In midtown Manhattan, near my office, there’s a huge public school on East 56th Street. For the last two months, that stretch of the street has been a beautiful oasis—almost completely deserted.
That changed this week. The kids are back in school.
Around 8:30, the sidewalks are absolutely mobbed. It’s wall-to-wall kids, from grade school up to junior high. Wednesday, I had to walk in the middle of the street just to make it to the next block. And for several blocks around, as you get close to the school, you see the same thing: kids in new clothes with new backpacks, heading off to class.
But you also see something else. A lot of the younger kids have company. They have their parents walking with them, holding a small hand. And more and more you see something that you wouldn’t have seen 50 years ago, when I was growing up: the one walking them to school is Dad.
So you see these lawyers and doctors and Wall Street brokers who live in expensive apartments around Sutton Place…holding hands with seven and eight year olds…reassuring them as they head off to school. Sometimes, you’ll see Moms and Dads. The walk to school is a family affair.
It’s heartening to see. And it called to mind something I read a long time ago.
About 25 years ago, a minister and teacher named Robert Fulghum collected some of his most popular sermons in a book that become wildly popular, and it’s still a best-seller: “All I Need to Know I Learned in Kindergarten.” One of the things he learned – and I quote: “When you go out into the world, watch out for traffic, hold hands and stick together. And be aware of wonder.”
If you wanted to sum up this Sunday’s scriptures in just a few words, there it is:
Watch out for traffic, hold hands and stick together, and be aware of wonder.
The recurring message this weekend is one of community, solidarity, connectedness. We need one another—and we need to look out for one another.
First, watch out for traffic. We need to guard one another from head-on collisions with sin. “I have appointed watchmen,” the reading from Ezekiel tells us. “You shall warn them for me.” The Lord will hold us responsible if we see someone in sin and say nothing.
Secondly, hold hands and stick together. When looking out for one another, we need to do it using the most fundamental of Christian qualities: love.
“Owe nothing to anyone, except to love one another,” Paul wrote to the Romans. “You shall love your neighbor as yourself. Love is the fulfillment of the law.”

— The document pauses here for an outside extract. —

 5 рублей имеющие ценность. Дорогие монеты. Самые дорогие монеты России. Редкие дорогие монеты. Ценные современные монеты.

And finally, when we look out for one another, be aware of wonder.
Be aware of the presence of God.
As Jesus told his disciples: “Where two or three are gathered together in my name, there am I in the midst of them.”

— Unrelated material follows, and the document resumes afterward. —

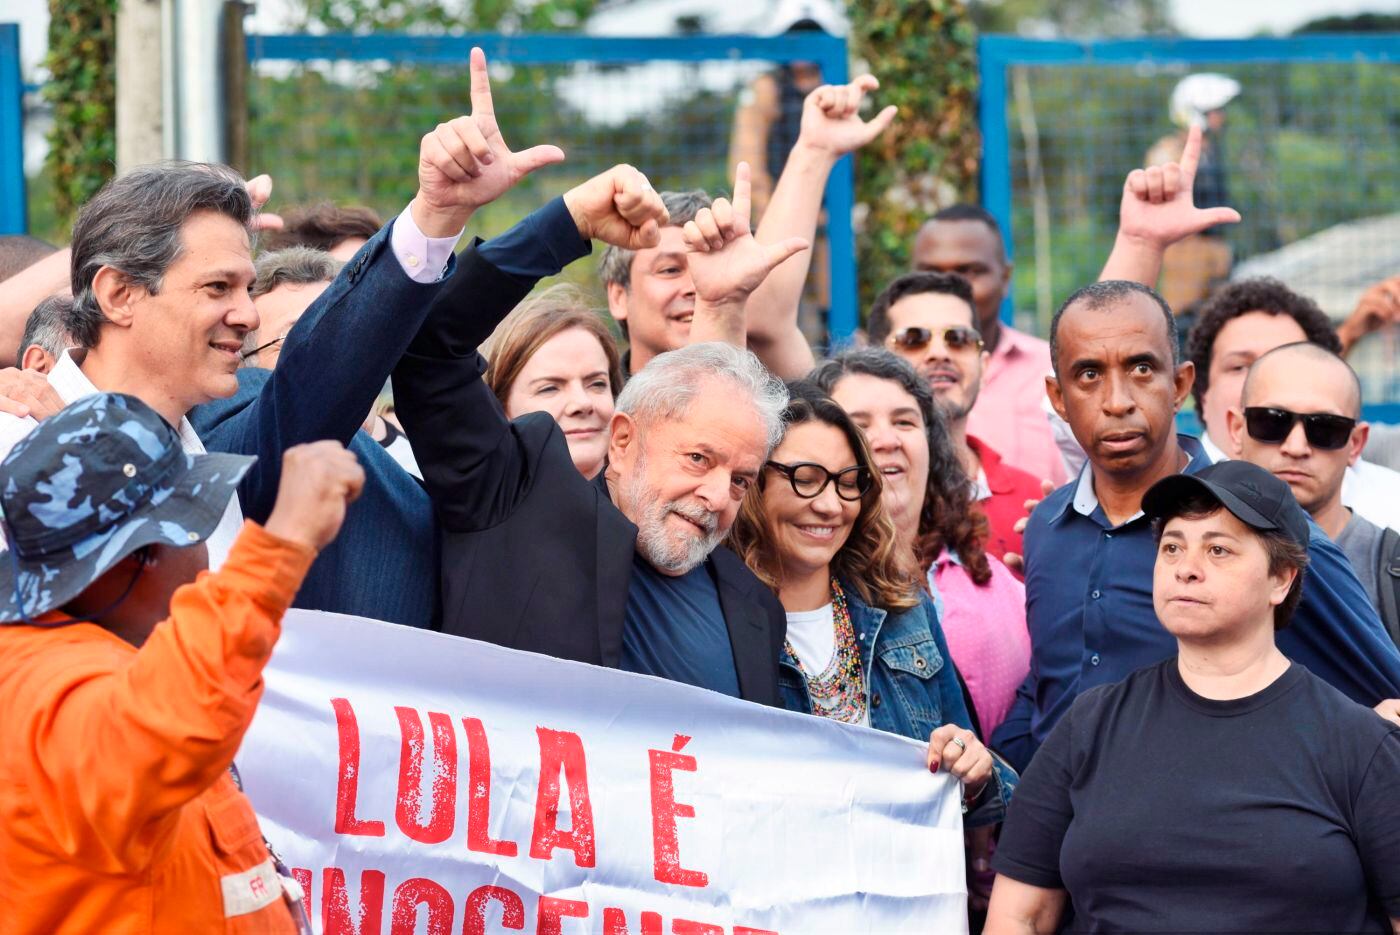 Una de las imágenes de Luiz Inácio Lula da Silva afuera de prisión.

We need to honor one another. To protect one another. To be Christ to one another.
To love one another.
The reading from Paul’s letter to the Romans sounds so beautiful and promising. But let’s face it: it isn’t easy.

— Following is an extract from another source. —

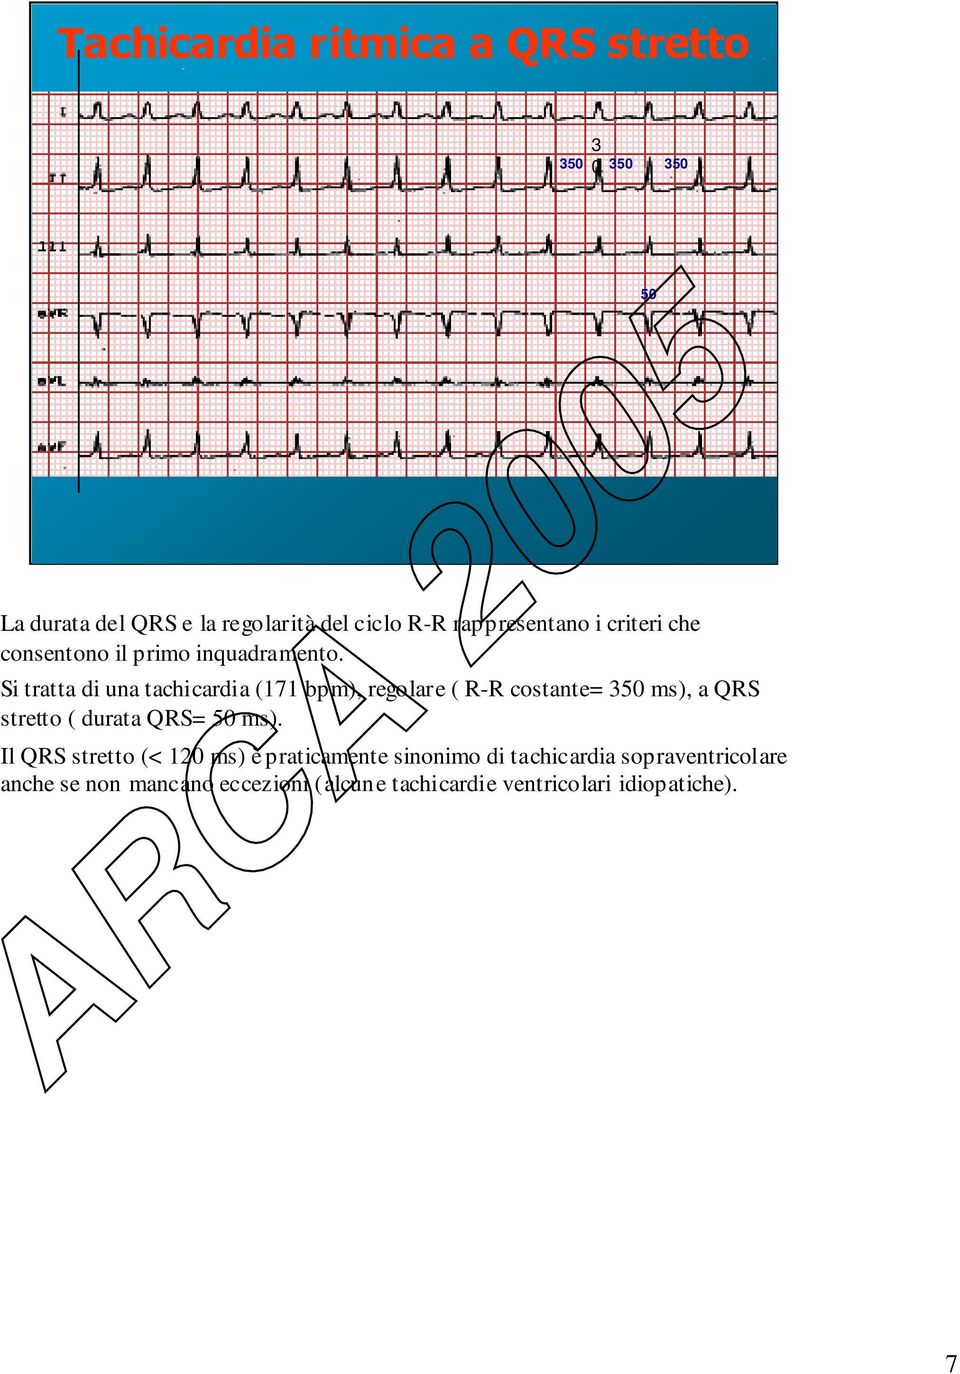 Si tratta di una tachicardia (171 bpm), regolare ( R-R costante= 350 ms), a QRS stretto ( durata QRS= 50 ms).

I’m not that great at loving at my neighbors, even the ones I like.
And what about the ones I don’t? What about the neighbors I’ve never met? What about the ones I want nothing to do with?
The guy who sits outside the subway with a cardboard sign and begs for change…
The homeless man on the subway who hasn’t bathed in weeks…
What about the kid down the hall who plays loud music and gets into screaming fights with his girlfriend every night?
What about anyone who is different? The young man you see reading the Qu’ran on the bus…or the hipster with the pierced lip…or the old woman who yells in the grocery store because she has lost her hearing and, in fact, may also be losing her mind.
These are my neighbors. Do I love them as I love myself?
Do I want to look out for them?
Do I see Jesus in them?
Perhaps more importantly: do any of them see Jesus in me?
Dorothy Day once said something I’ll never forget: “I really only love God,” she said, “as much as I love the person I love the least.”
I have a lot of work to do. These scriptures are a challenge—and a consolation: We aren’t in this alone.
Every day, we head to school with a parent holding our hand: the God who loves us, who wants to protect us—but who also knows he has to let go and leave us to make our own choices, our own mistakes.
But if we are attentive to our call as Christians, we strive to follow his commands, to fulfill his will for us.
This should be our heart’s desire: to endeavor every day to fear less—and to love more.
As we prepare to receive the Eucharist this morning, we pray to receive as well a deepening of that desire.
We pray for the courage and generosity of spirit to love our neighbor as ourselves— knowing that God’s love for us, and the neighbors around us, is limitless.
The scriptures assure us of this. And so, in fact, does Robert Fulghum.
“When you go out into the world, watch out for traffic, hold hands and stick together. And be aware of wonder.”